(GIVEN INFORMATION)

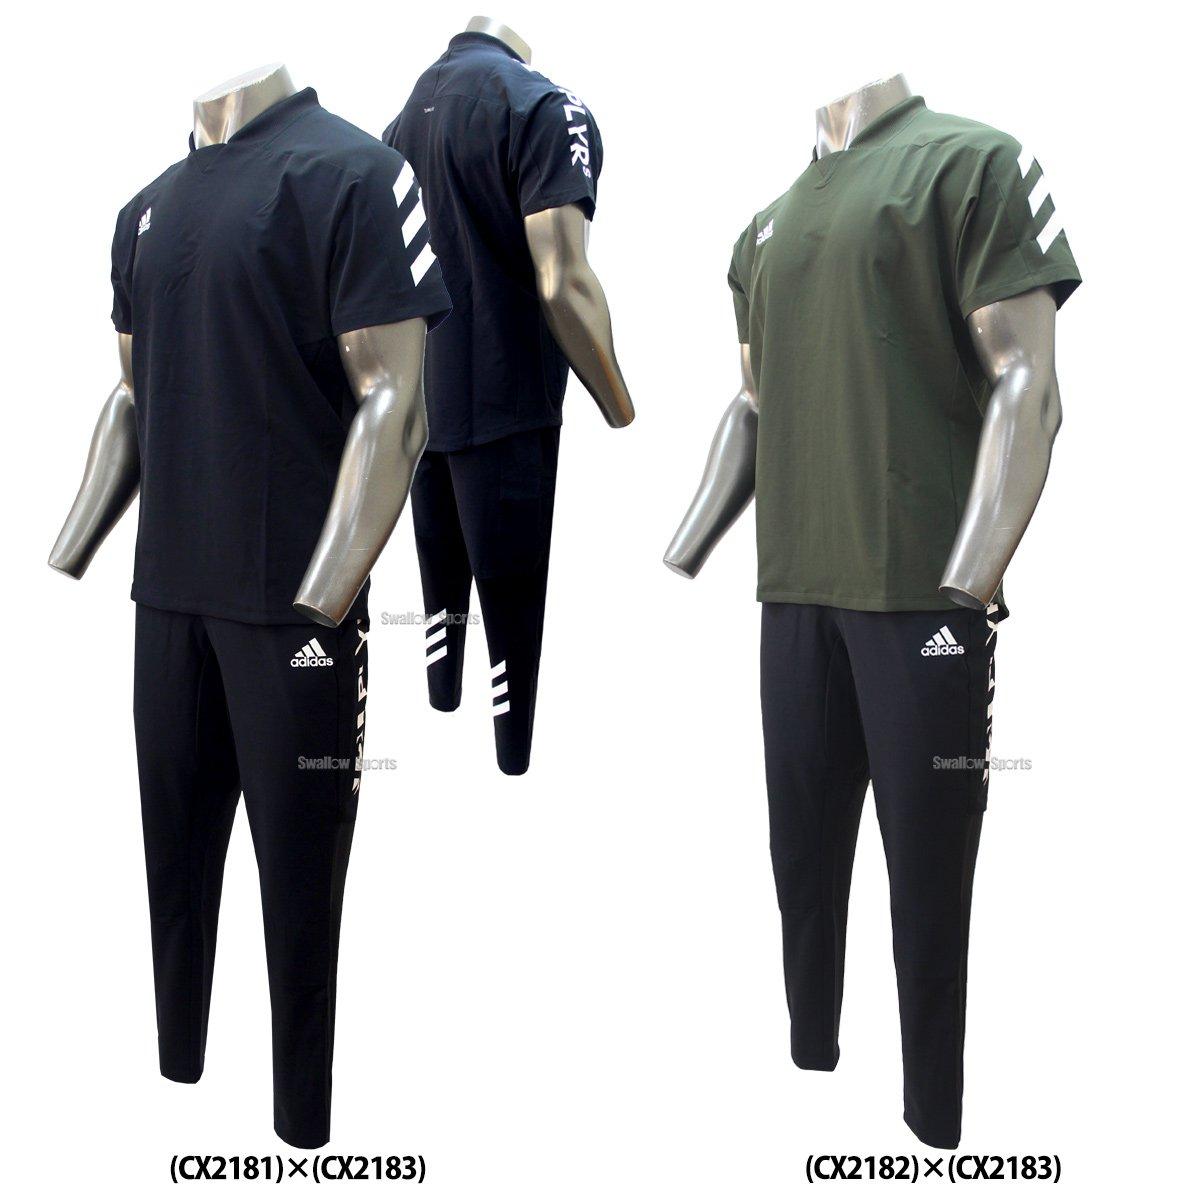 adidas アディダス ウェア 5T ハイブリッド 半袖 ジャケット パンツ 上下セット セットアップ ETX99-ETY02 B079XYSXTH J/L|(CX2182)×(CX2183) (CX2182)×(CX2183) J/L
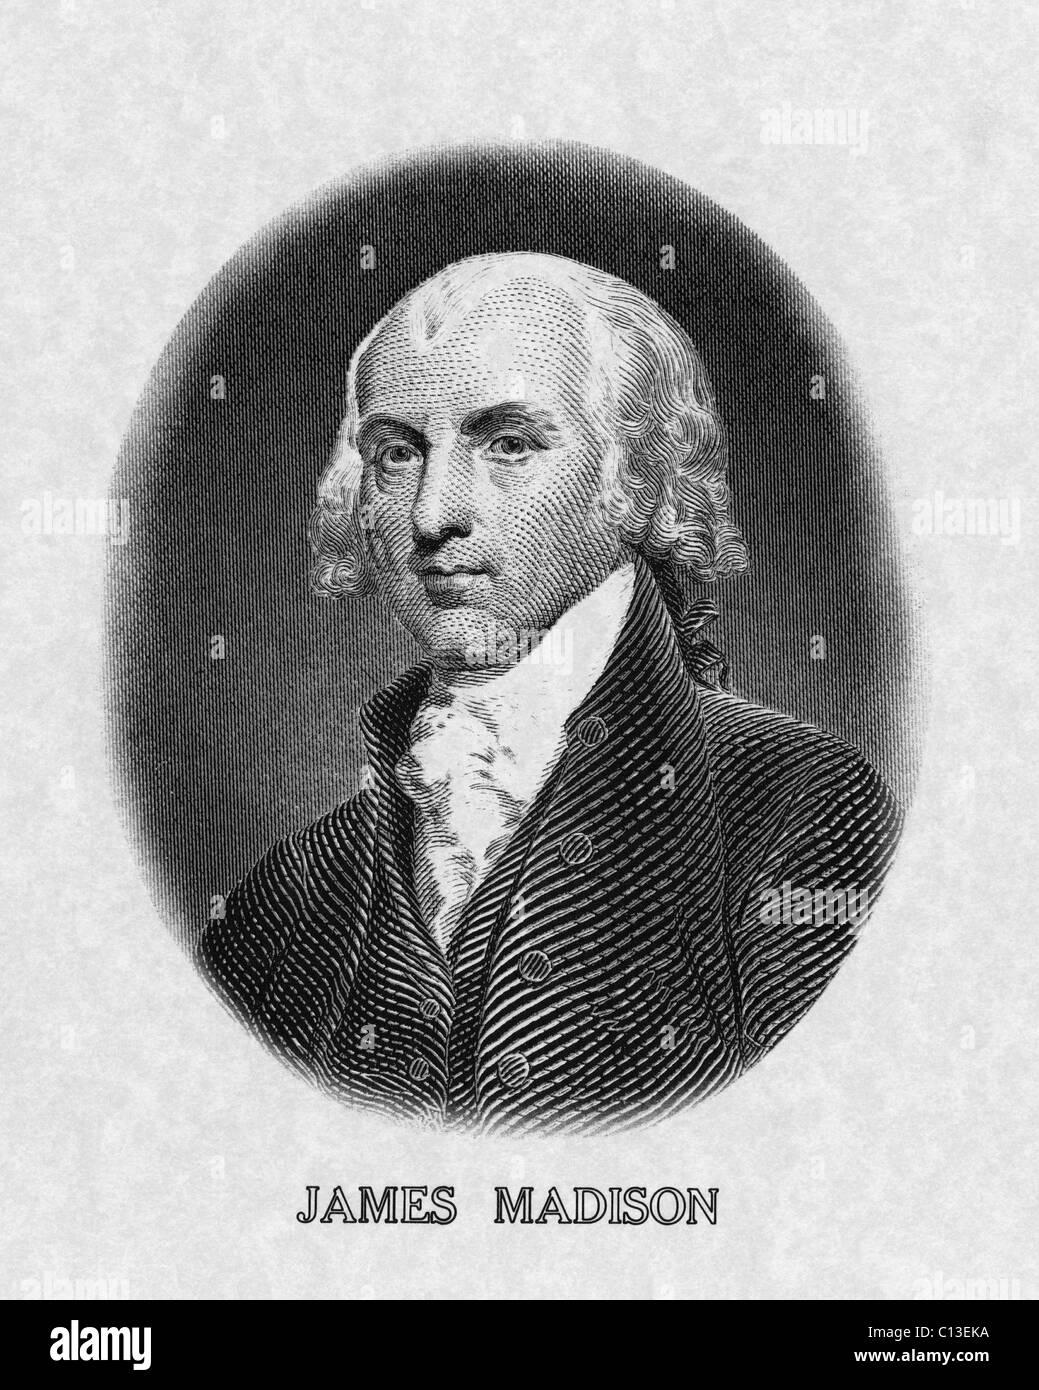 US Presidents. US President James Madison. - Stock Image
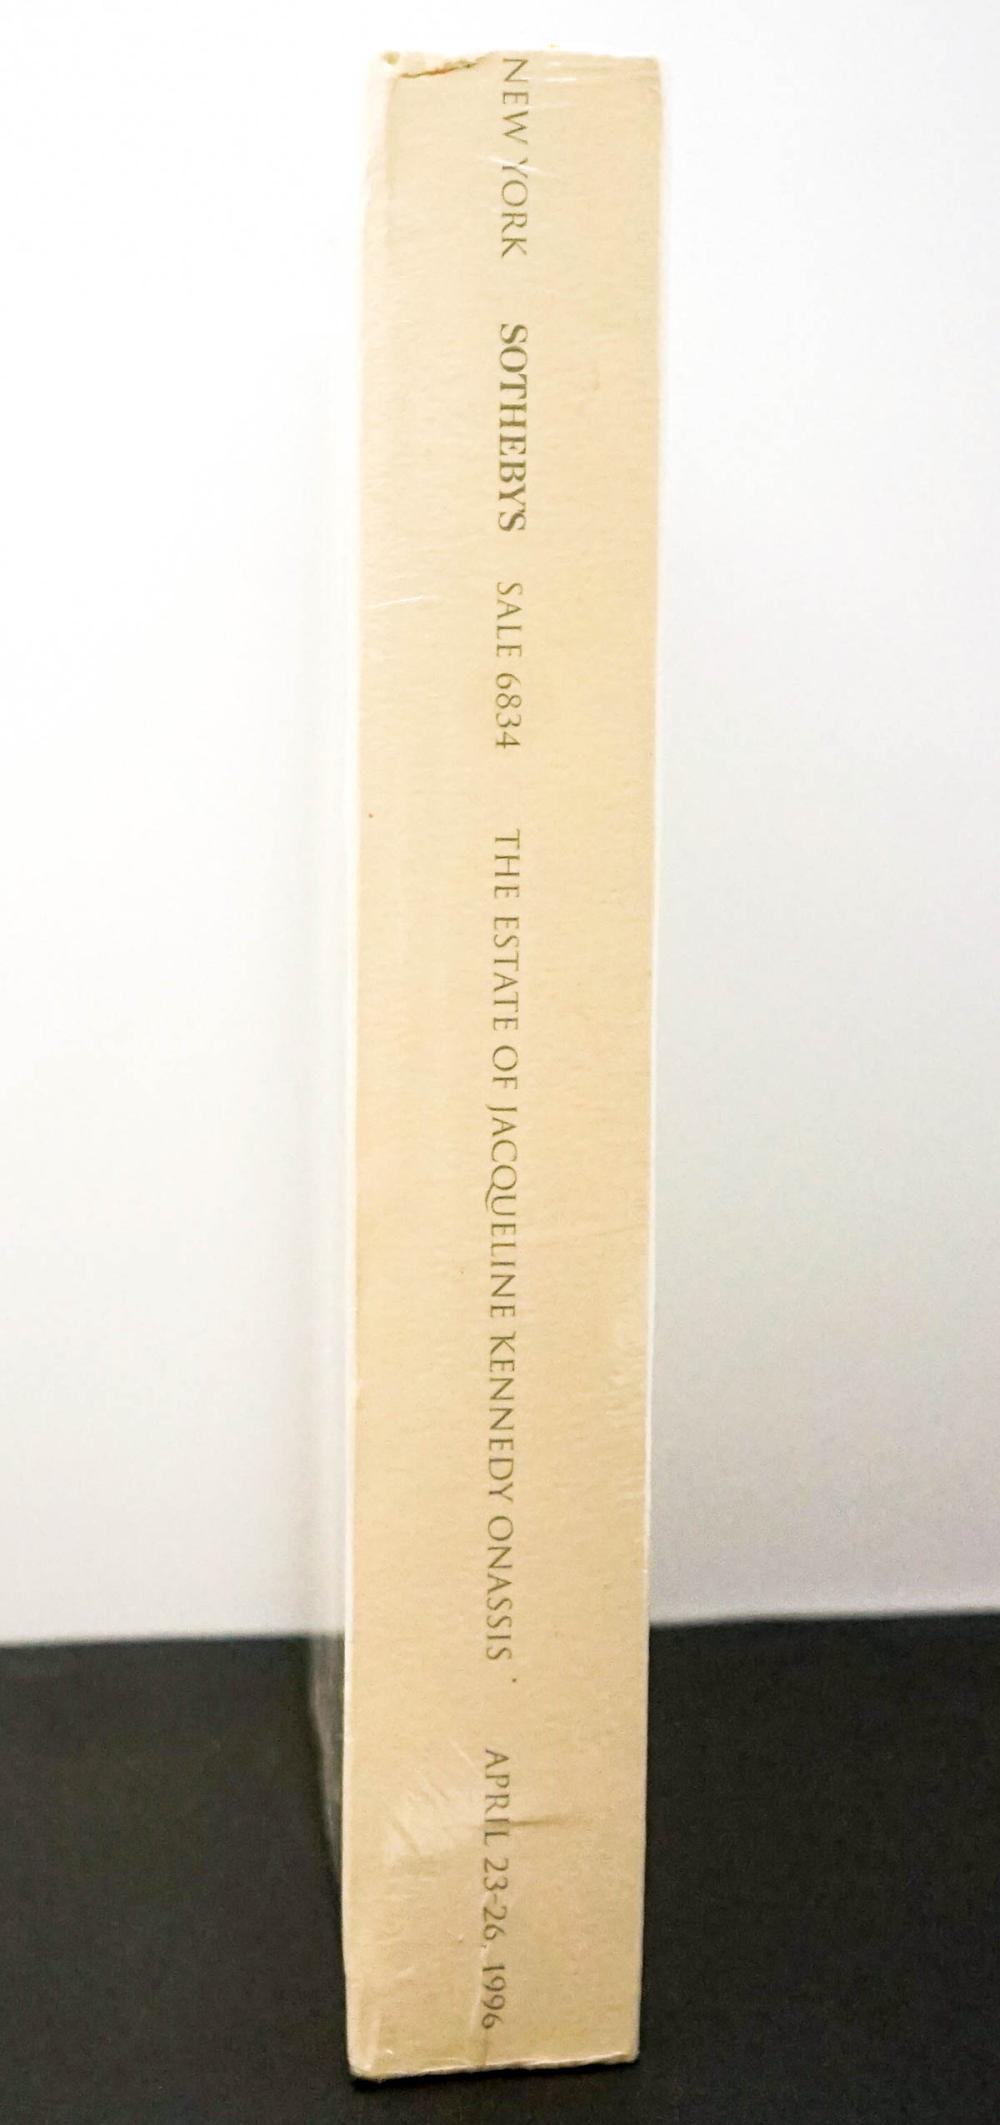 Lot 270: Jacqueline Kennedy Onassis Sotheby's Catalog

(End GIVEN INFORMATION)

## ASSIGNMENT
Exactly as written, return every line of the listing, but not the pictures.

## TASK RESPONSE
 adidas アディダス ウェア 5T ハイブリッド 半袖 ジャケット パンツ 上下セット セットアップ ETX99-ETY02 B079XYSXTH J/L|(CX2182)×(CX2183) (CX2182)×(CX2183) J/L
 US Presidents. US President James Madison. - Stock Image
 Lot 270: Jacqueline Kennedy Onassis Sotheby's Catalog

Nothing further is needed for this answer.